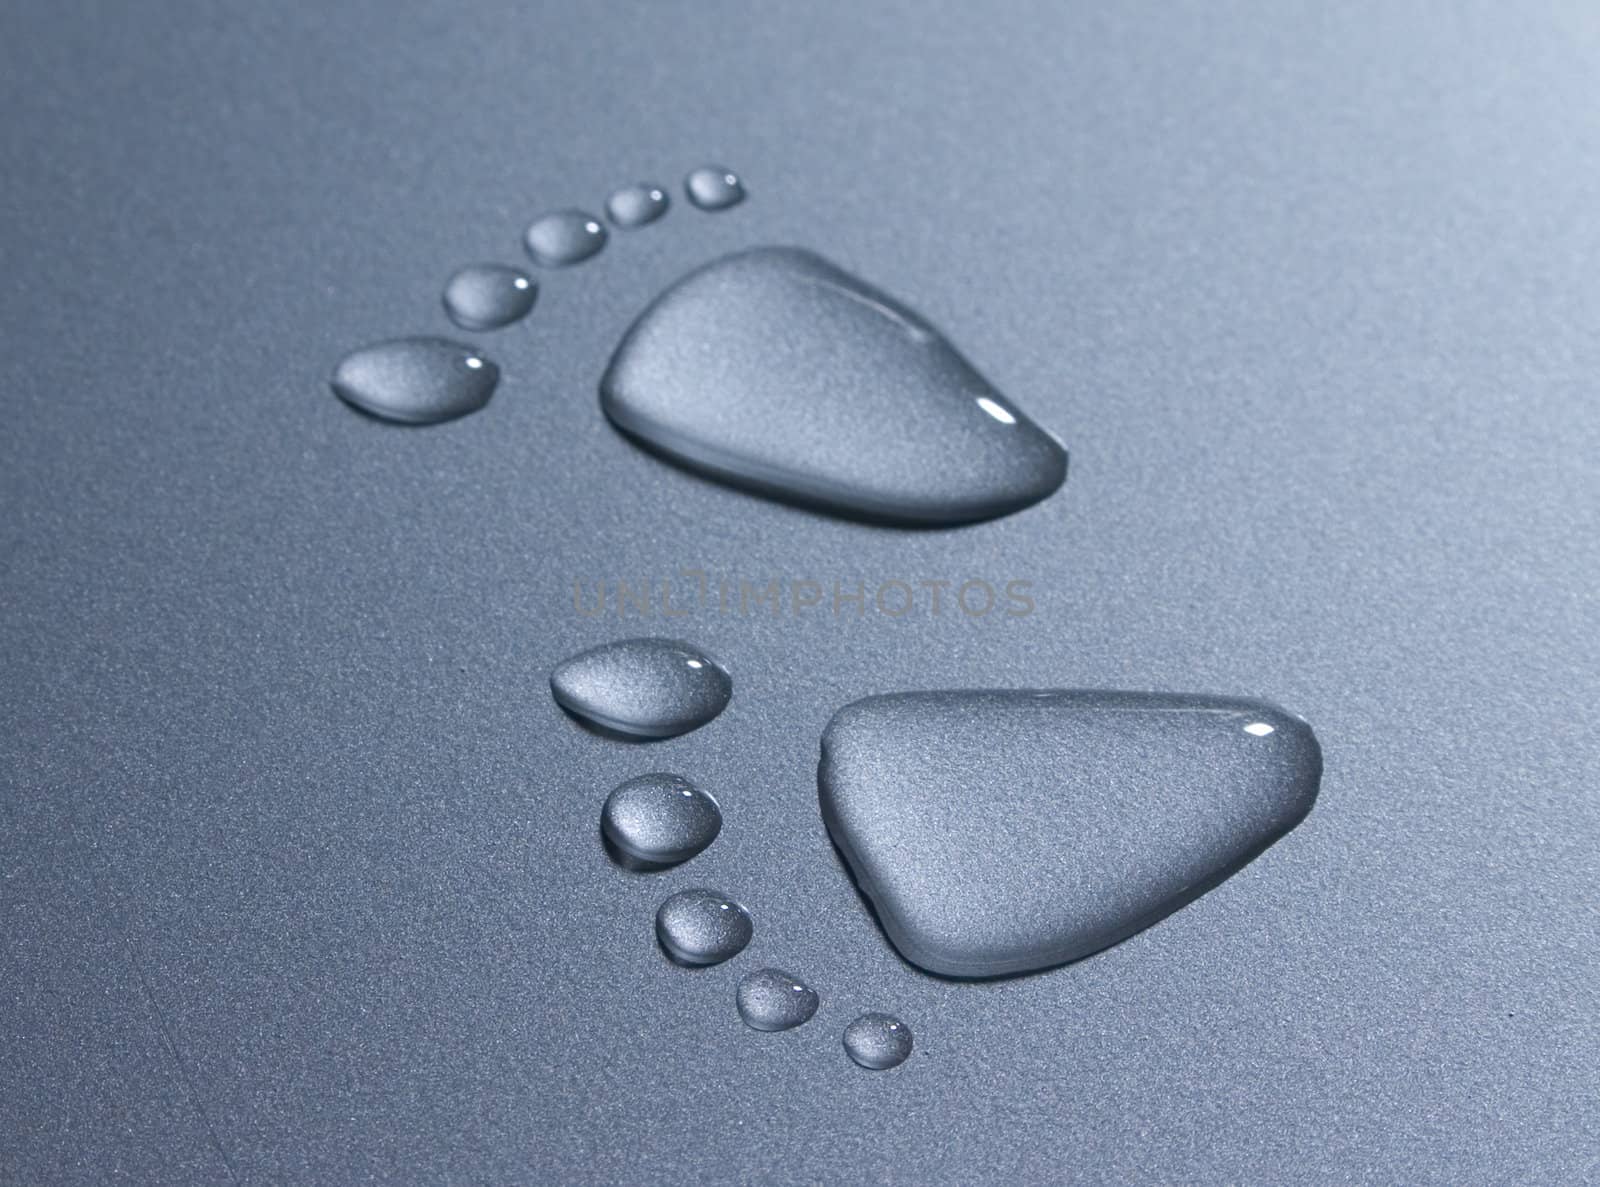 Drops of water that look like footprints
...
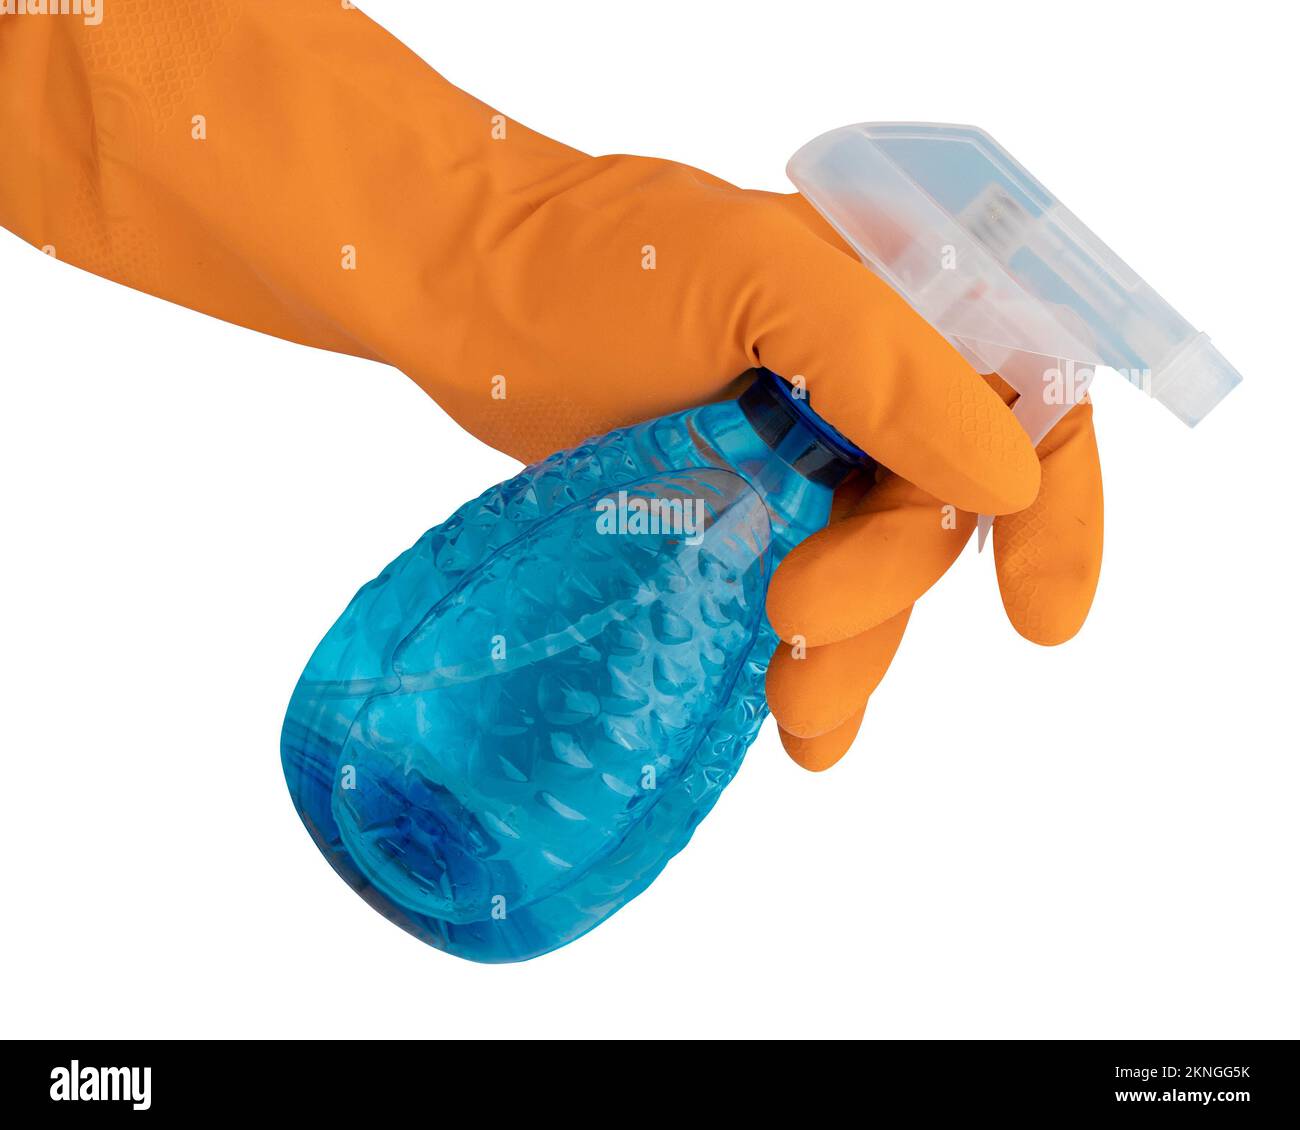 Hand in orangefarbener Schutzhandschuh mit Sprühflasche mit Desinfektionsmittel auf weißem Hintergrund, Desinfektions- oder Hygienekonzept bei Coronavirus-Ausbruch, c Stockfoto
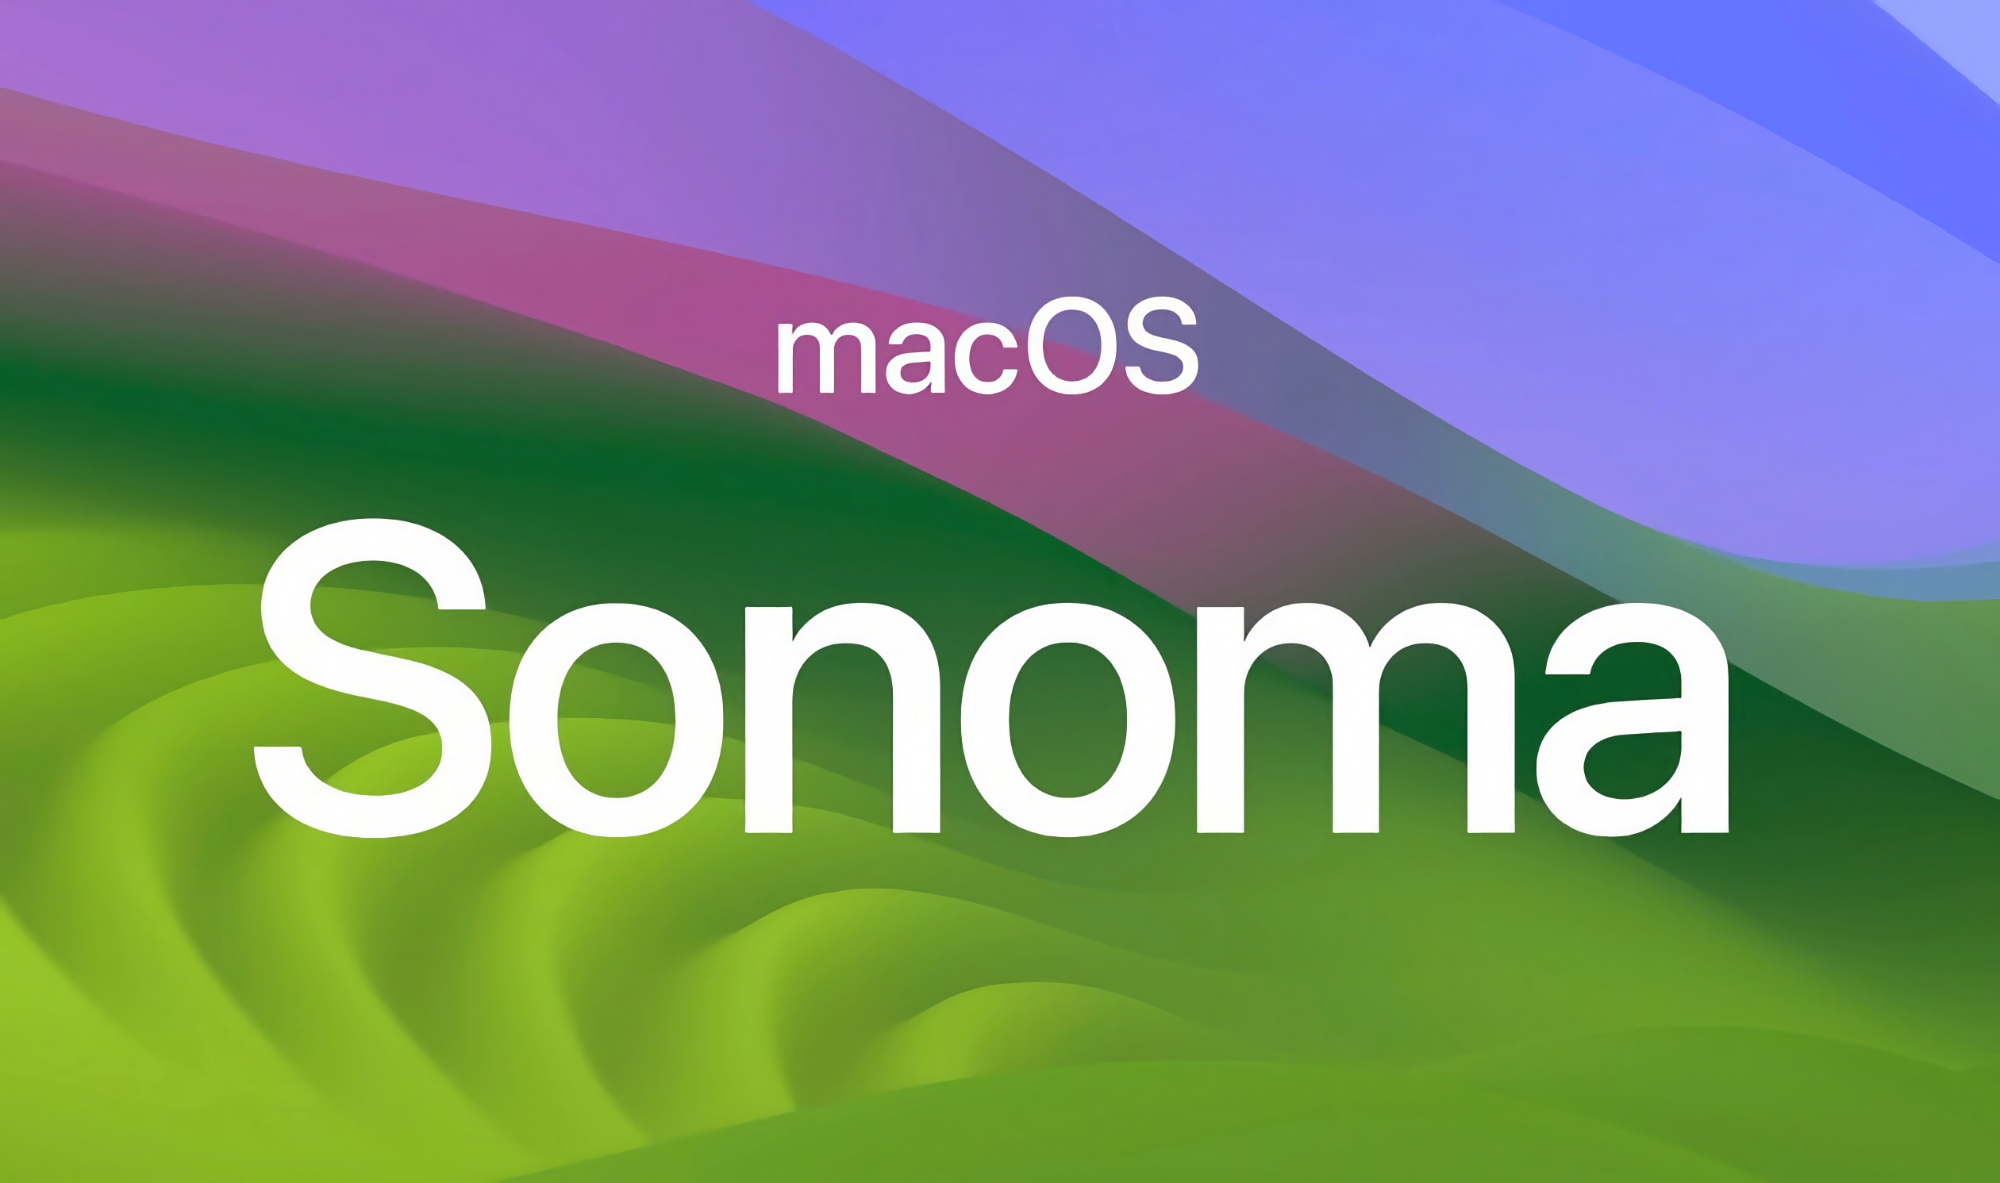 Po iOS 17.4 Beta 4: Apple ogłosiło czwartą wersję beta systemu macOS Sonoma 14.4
...
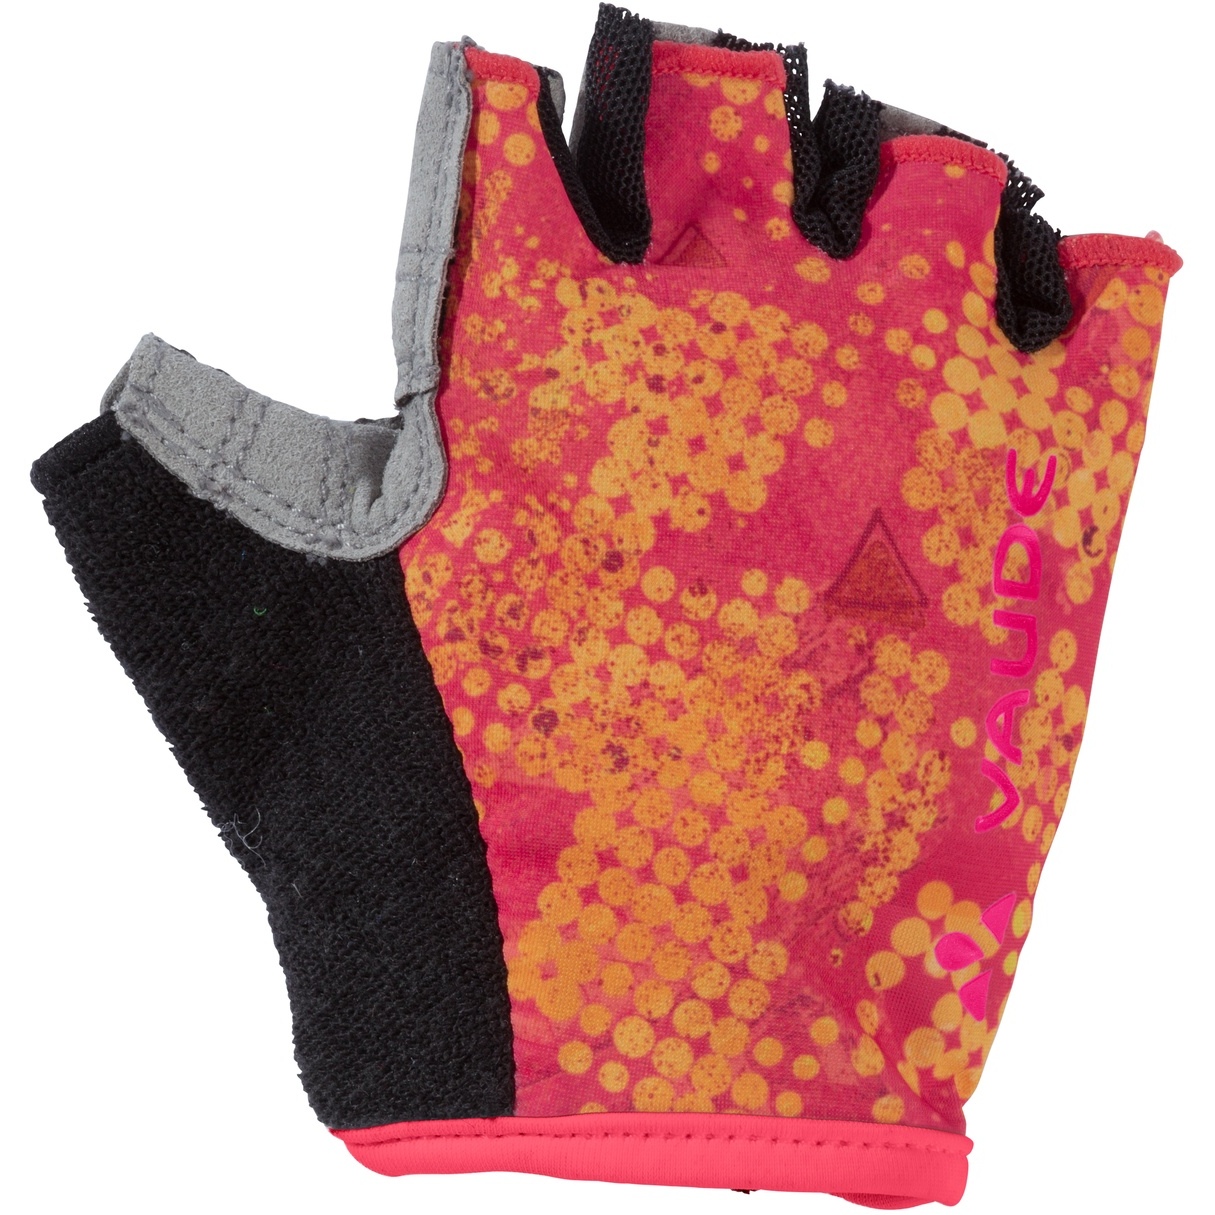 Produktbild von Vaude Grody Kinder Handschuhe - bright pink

ASSIGNMENT – In the material above, one part opens with the line containing "Hand in orangefarbener" and closes with the line containing "Po iOS 17.4". Write out that part exactly and skip its pictures.

RESPONSE AREA –
 Hand in orangefarbener Schutzhandschuh mit Sprühflasche mit Desinfektionsmittel auf weißem Hintergrund, Desinfektions- oder Hygienekonzept bei Coronavirus-Ausbruch, c Stockfoto
 Po iOS 17.4 Beta 4: Apple ogłosiło czwartą wersję beta systemu macOS Sonoma 14.4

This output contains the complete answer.